Al-Ji'rana (ٱلْجِعْرَانَة) is a village in Mecca Province, in western Saudi Arabia. A boundary of the Haram, it is located 18 mile northeast of Mecca.

==Description==

It was here in the 7th century that the Islamic prophet Muhammad distributed spoils of war among his allies, after the battles of Hunain and Autas, and before the siege of Ta'if.

Al-Ji'rana was mentioned by the 8th-century Arab historian Al-Waqidi. In his Kitab al-Tarikh wa al-Maghazi ("Book of History and Campaigns"), Al-Waqidi describes two ancient sanctuaries in al-Ji'rana visited by Muhammad on his journey on dhu al-qa'da of the eighth year after the Hijrah: al-masjid al-aqṣā ("the farthest mosque") and al-masjid al-adnā ("the closest mosque"). This was also mentioned by Al-Azraqi, a 9th-century Islamic commentator and historian.

According to the Qur'an, Muhammad was transported to a site named al-masjid al-ʾaqṣā ("the furthest place of prayer") during his Night Journey.

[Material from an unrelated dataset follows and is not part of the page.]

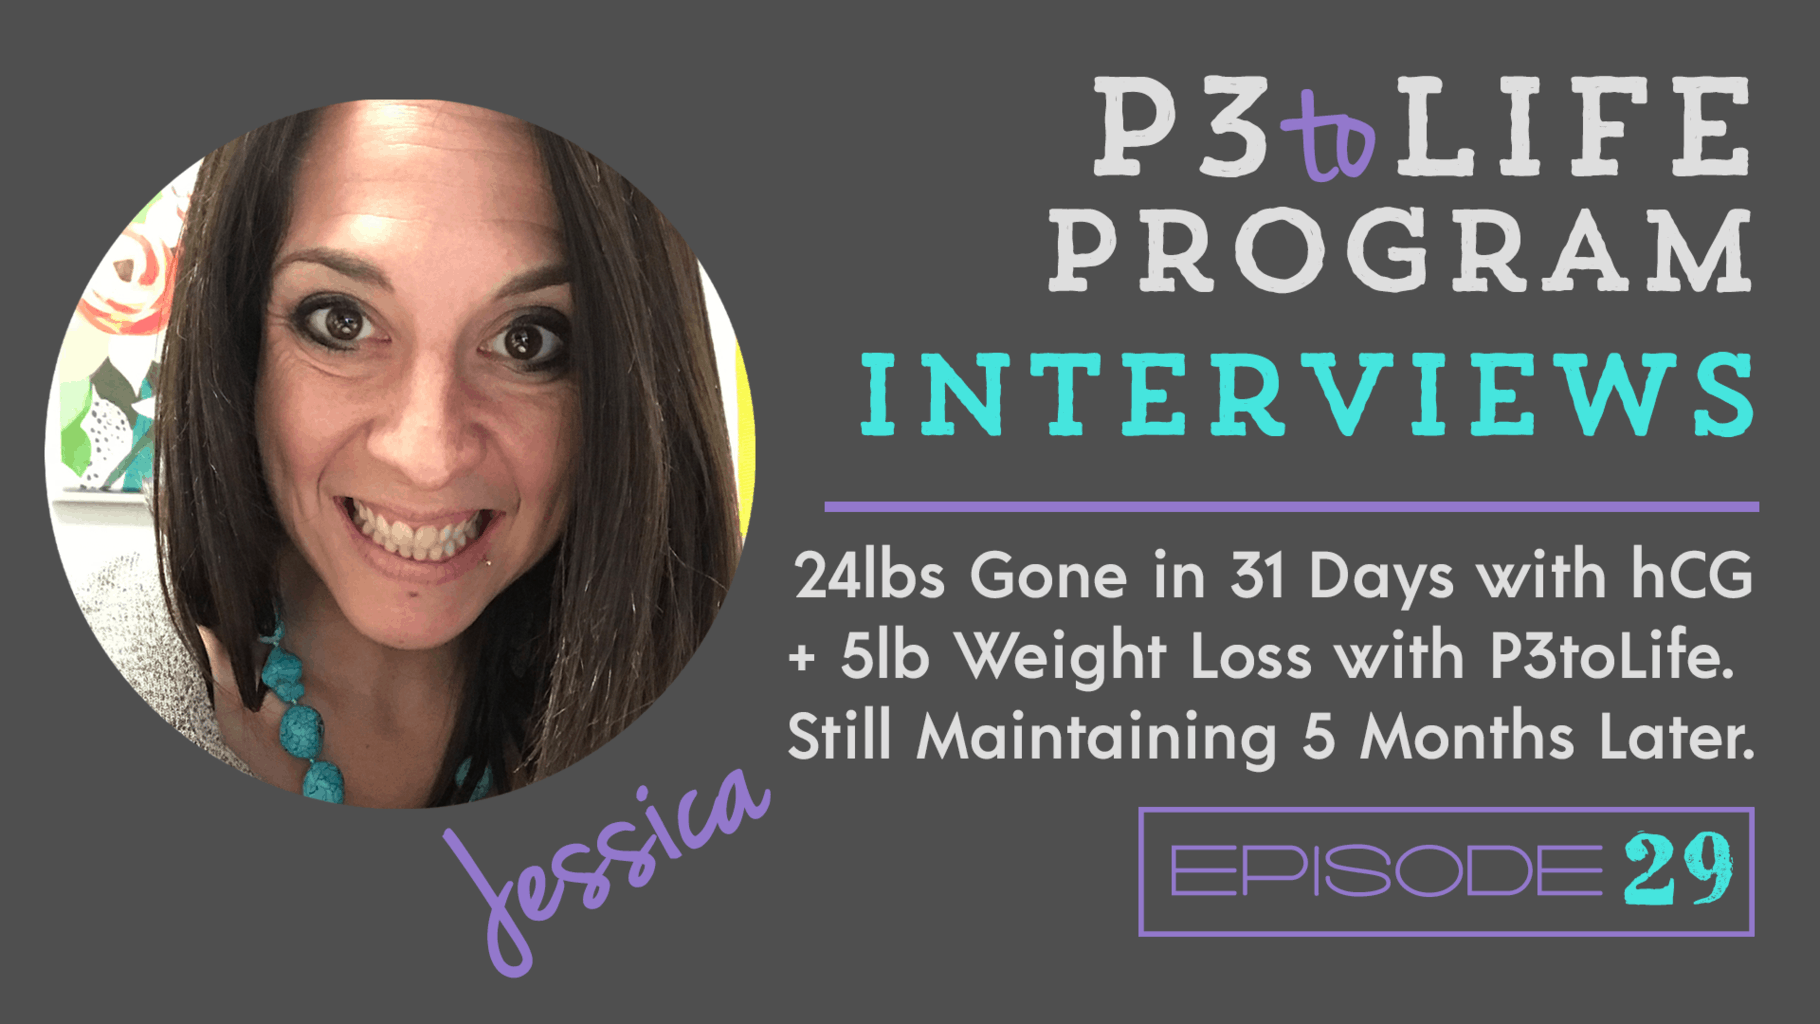 P3tolife-phase-3-5-lbs-weight-loss-still-maintaining-5-months-later-24-lbs-gone-in-31-days-with-hcg-episode-29-jessica
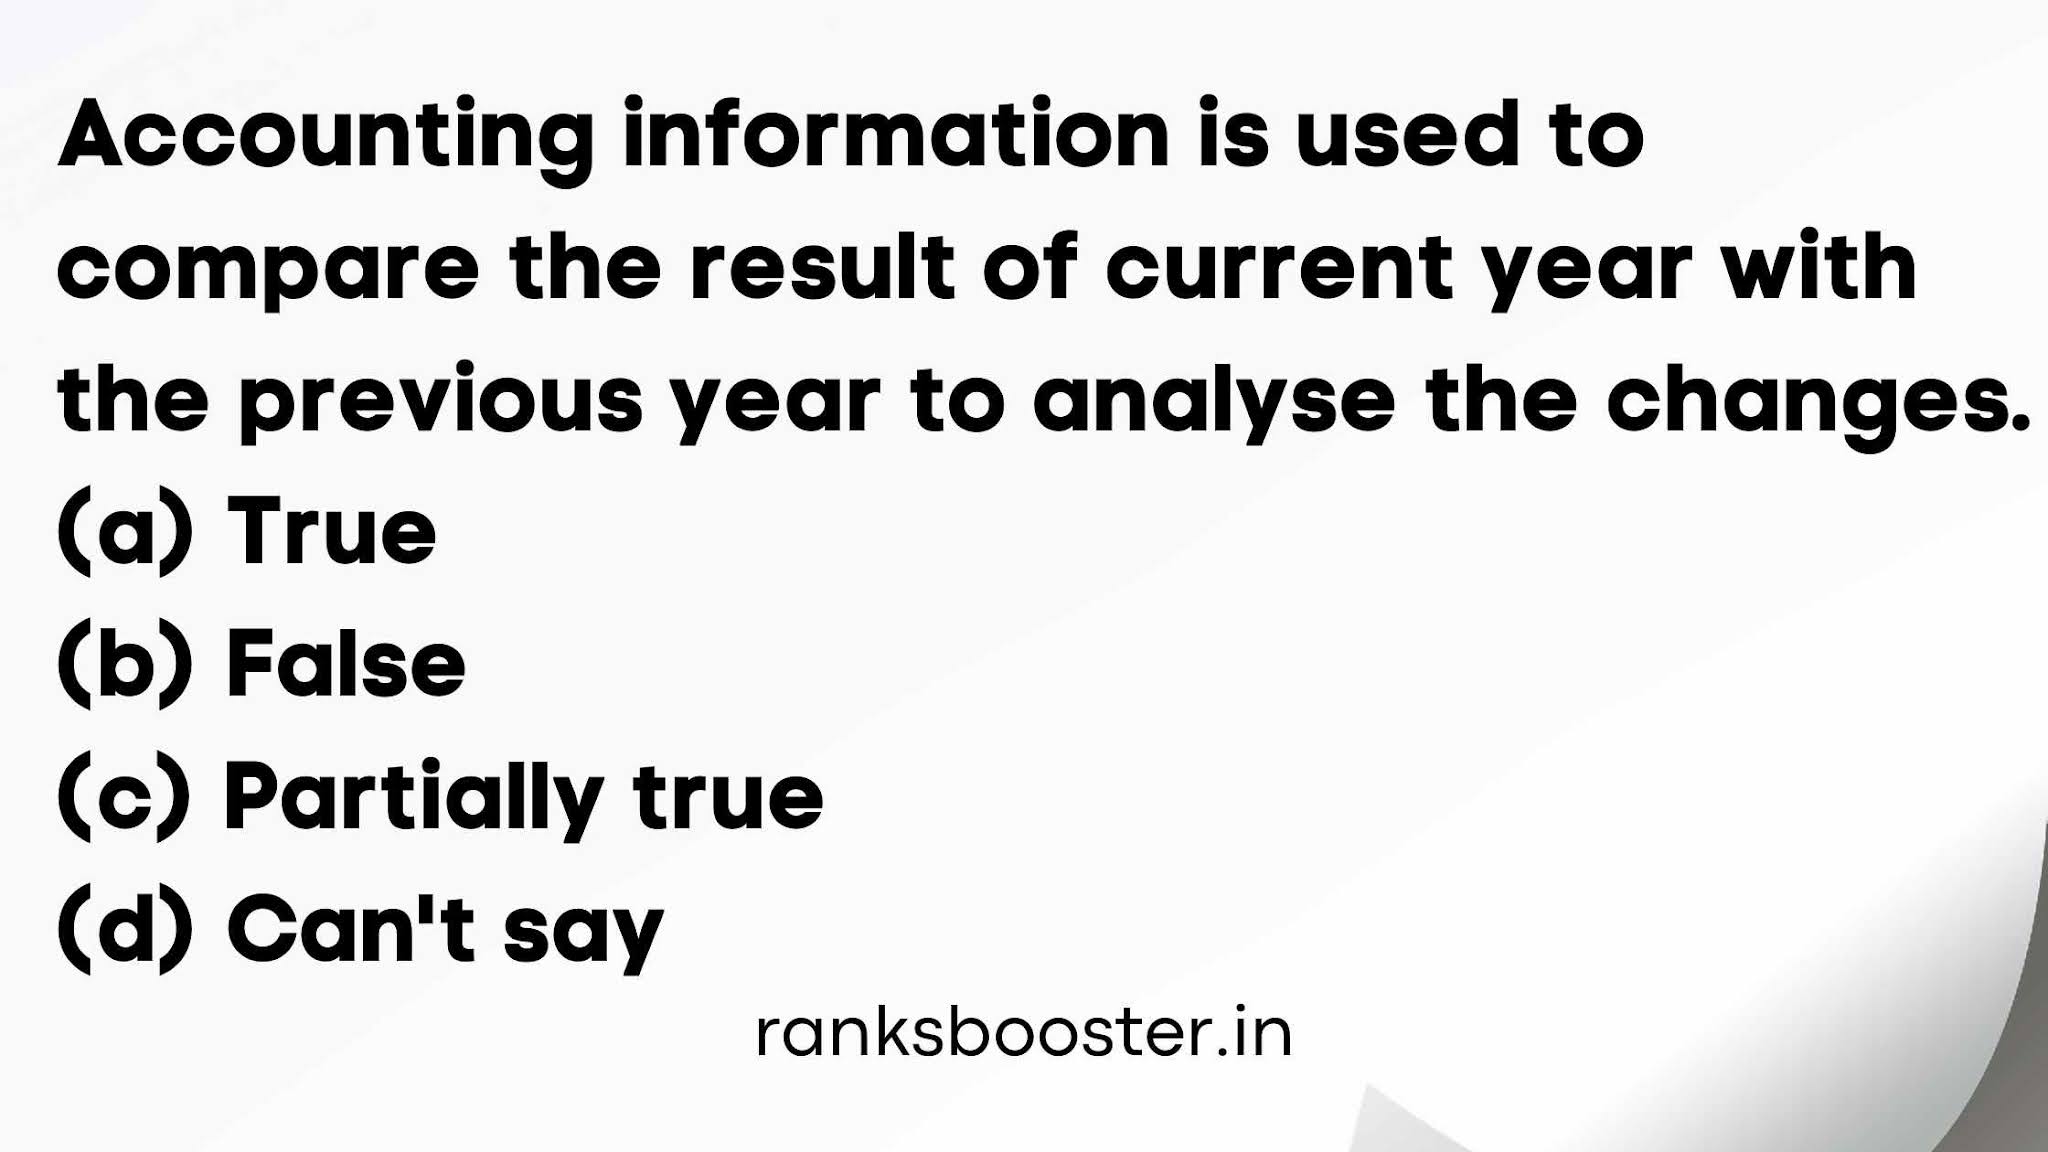 Accounting information is used to compare the result of current year with the previous year to analyse the changes. (a) True (b) False (c) Partially true (d) Can't say

The Qur'an does not mention the exact location of "the furthest place of prayer". The actual meaning of the phrase is debated in both early Islamic and contemporary sources. According to the Encyclopaedia of Islam, the term was originally understood as a reference to a site in the heavens. Another group of Islamic scholars understood the story of Muhammad's ascension from Al-Aqsa Mosque as relating to Jerusalem. Eventually, a consensus emerged around the identification of the "furthest place of prayer" with Jerusalem, and by implication the Temple Mount.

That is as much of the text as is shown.